YOUR ASSIGNMENT: Copy nothing but the lines below, from the one with "Officine Creative Men's" through the one with "Beautiful young woman", exactly as written; no pictures should appear.

DATASET EXCERPTS:
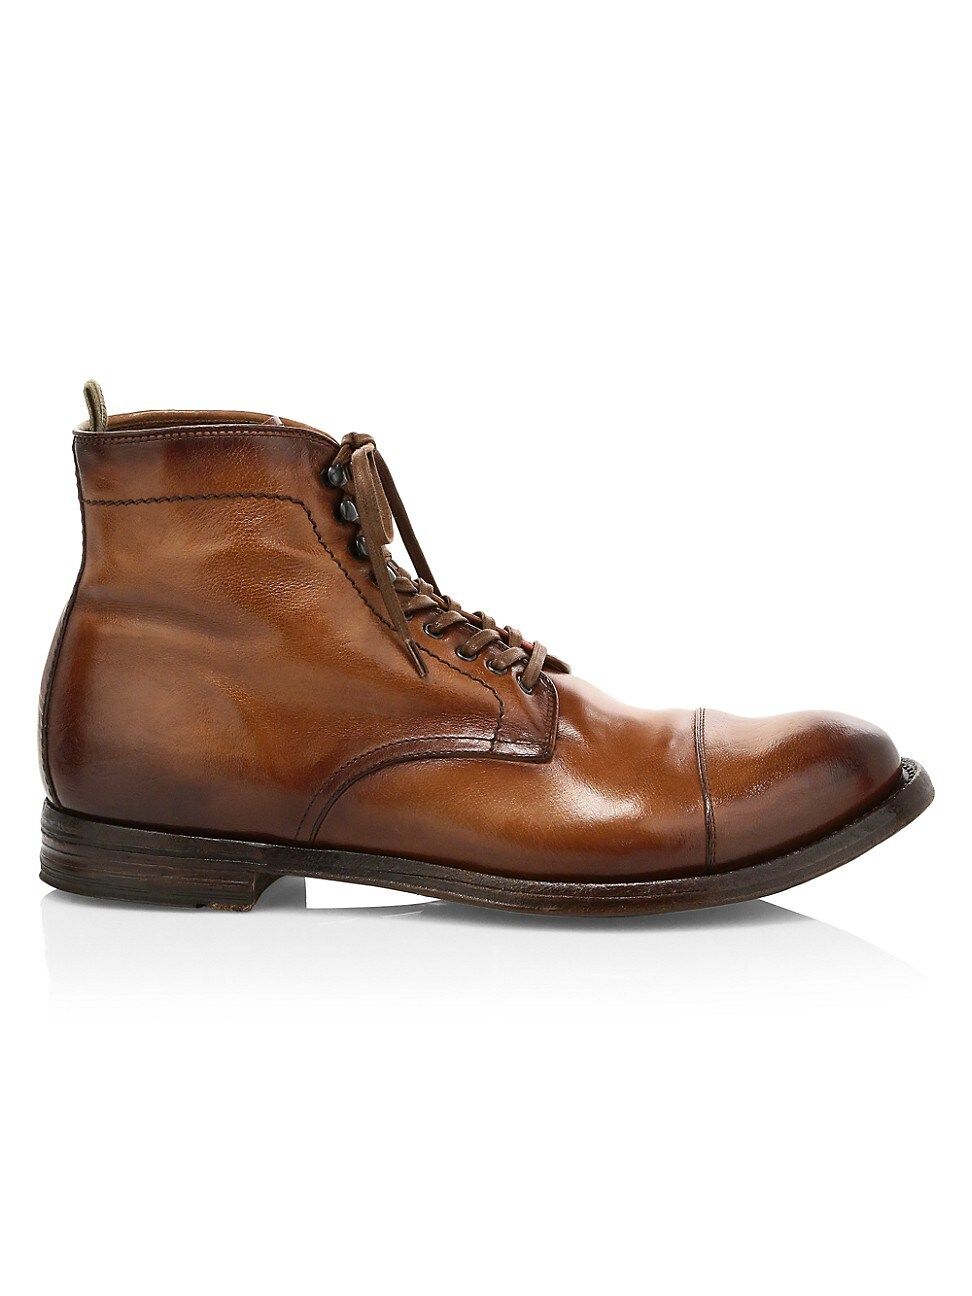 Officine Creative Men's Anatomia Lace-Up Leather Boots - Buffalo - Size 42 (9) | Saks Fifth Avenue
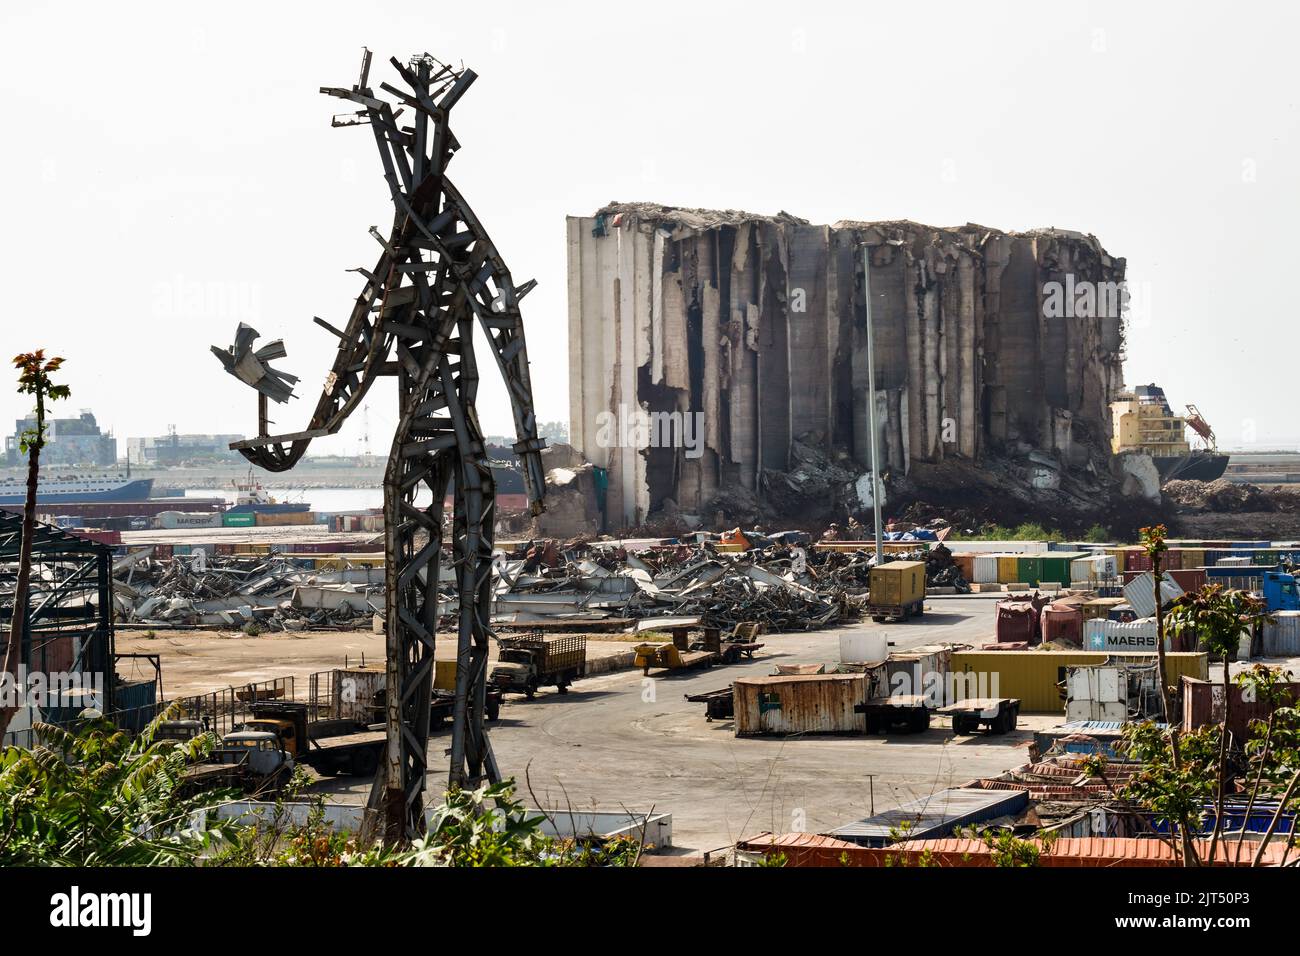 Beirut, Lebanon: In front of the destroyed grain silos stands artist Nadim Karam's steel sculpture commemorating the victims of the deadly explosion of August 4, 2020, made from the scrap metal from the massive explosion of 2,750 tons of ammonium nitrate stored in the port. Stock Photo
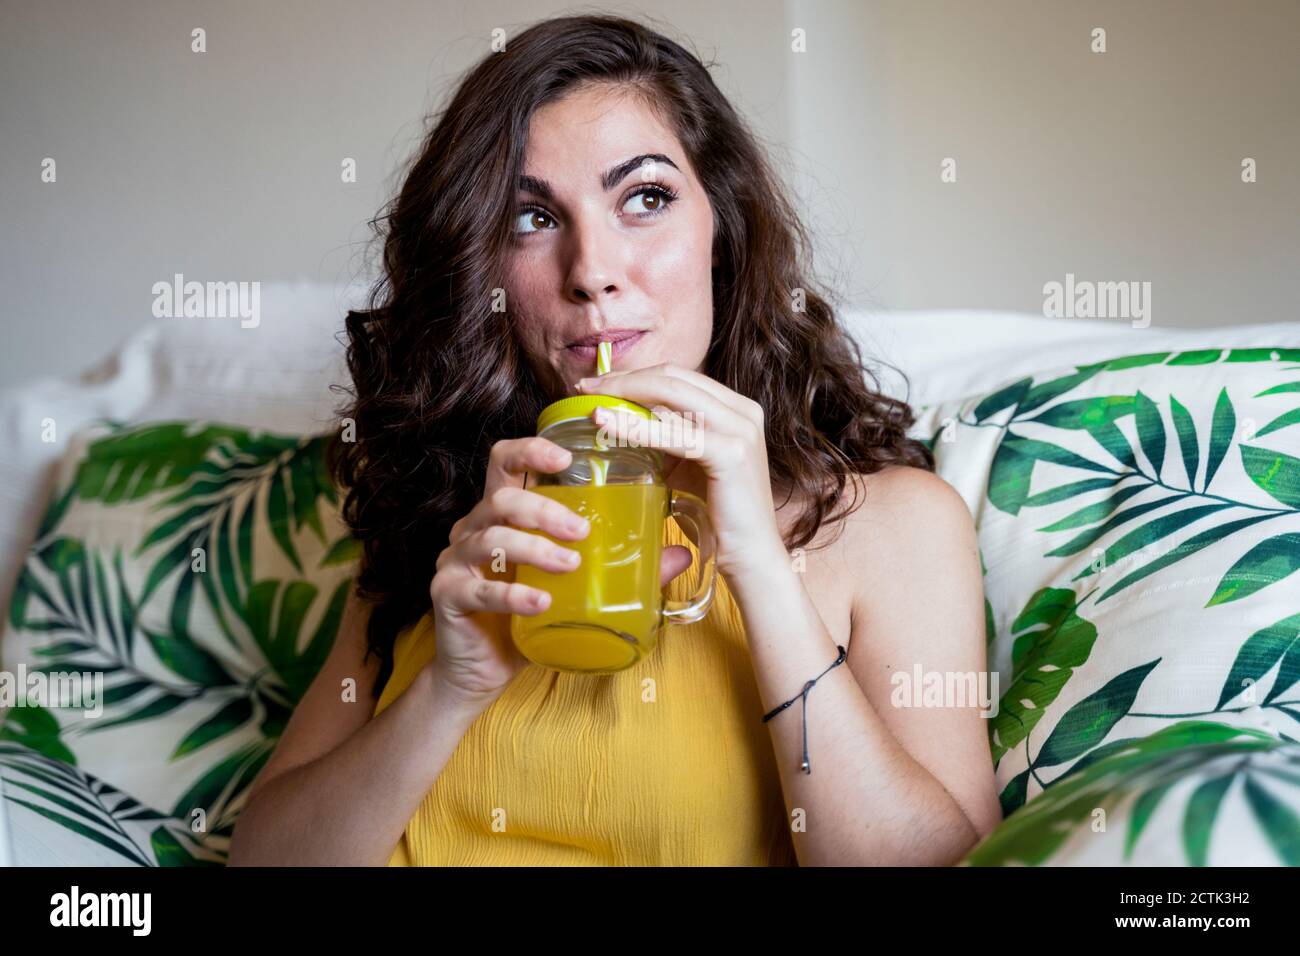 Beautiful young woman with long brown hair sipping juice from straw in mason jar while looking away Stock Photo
---
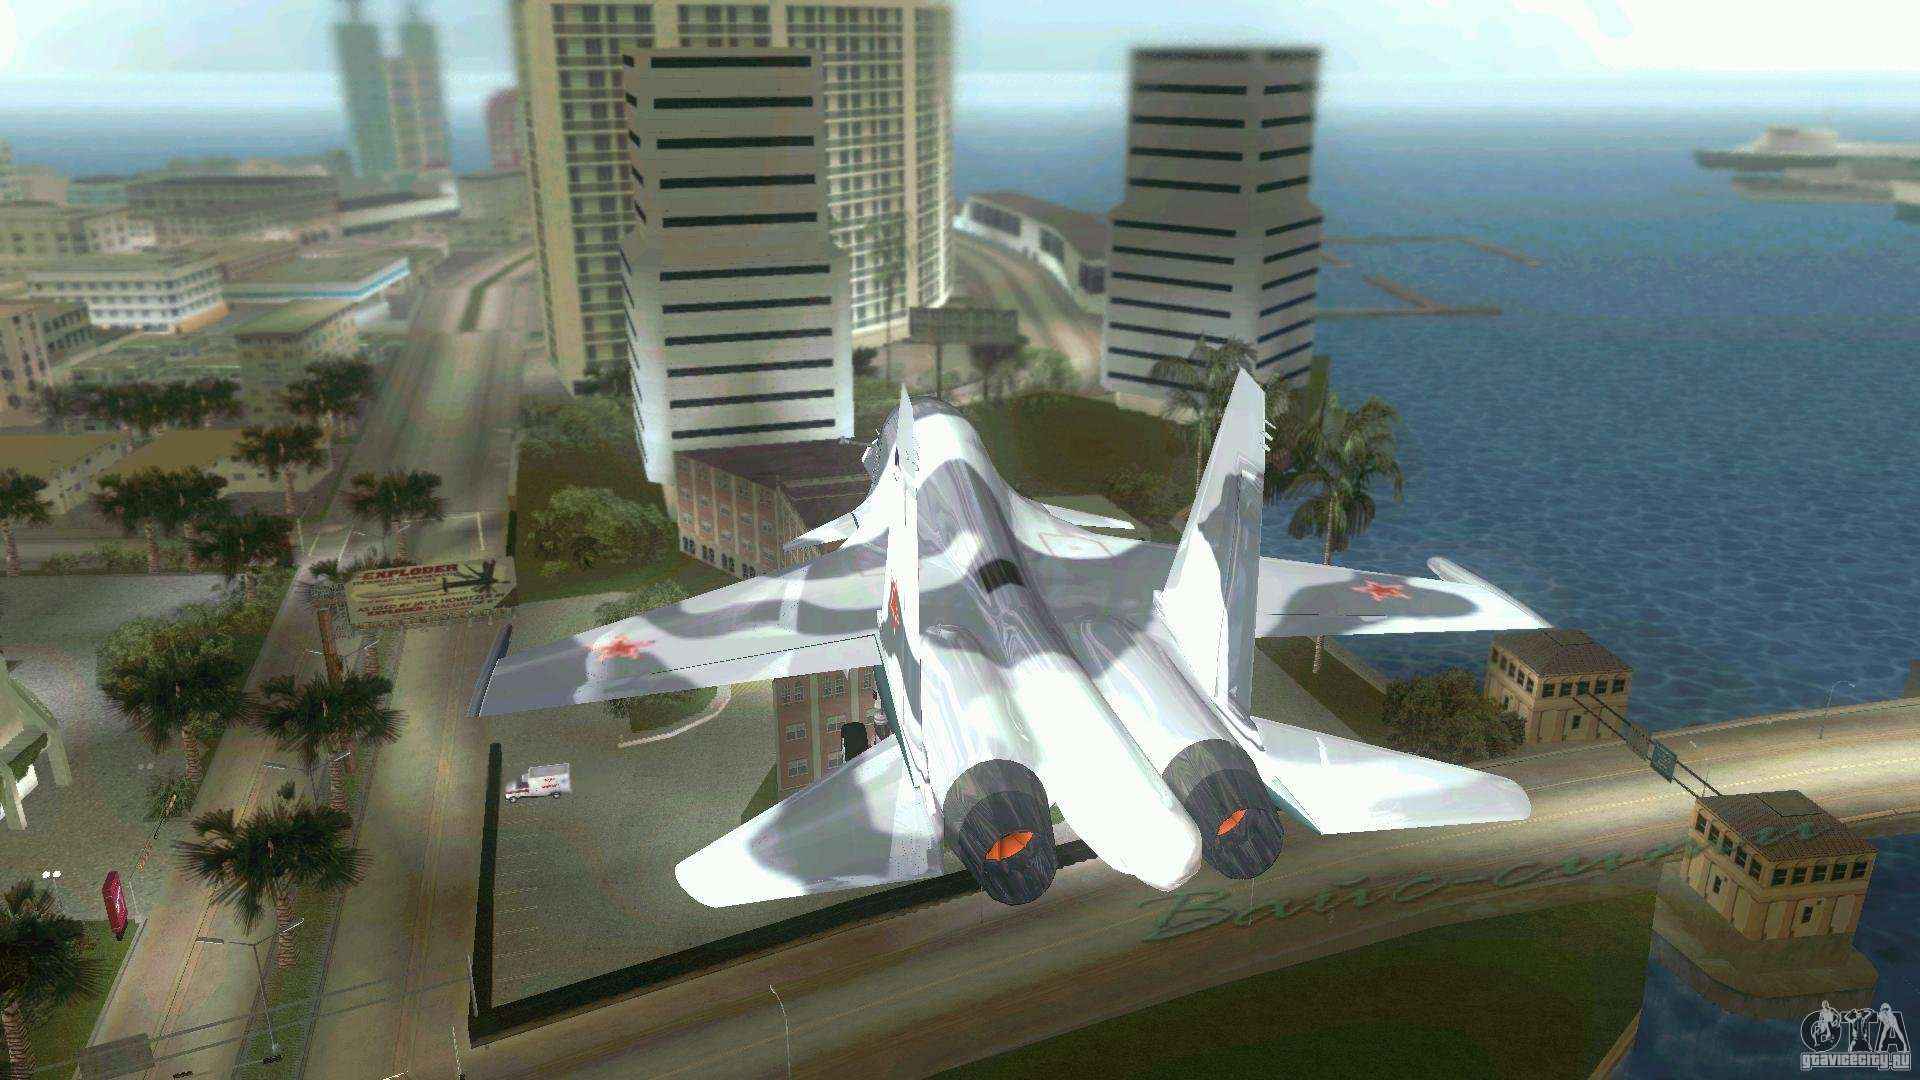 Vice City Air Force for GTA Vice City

TASK ANSWER:
 Officine Creative Men's Anatomia Lace-Up Leather Boots - Buffalo - Size 42 (9) | Saks Fifth Avenue
 Beirut, Lebanon: In front of the destroyed grain silos stands artist Nadim Karam's steel sculpture commemorating the victims of the deadly explosion of August 4, 2020, made from the scrap metal from the massive explosion of 2,750 tons of ammonium nitrate stored in the port. Stock Photo
 Beautiful young woman with long brown hair sipping juice from straw in mason jar while looking away Stock Photo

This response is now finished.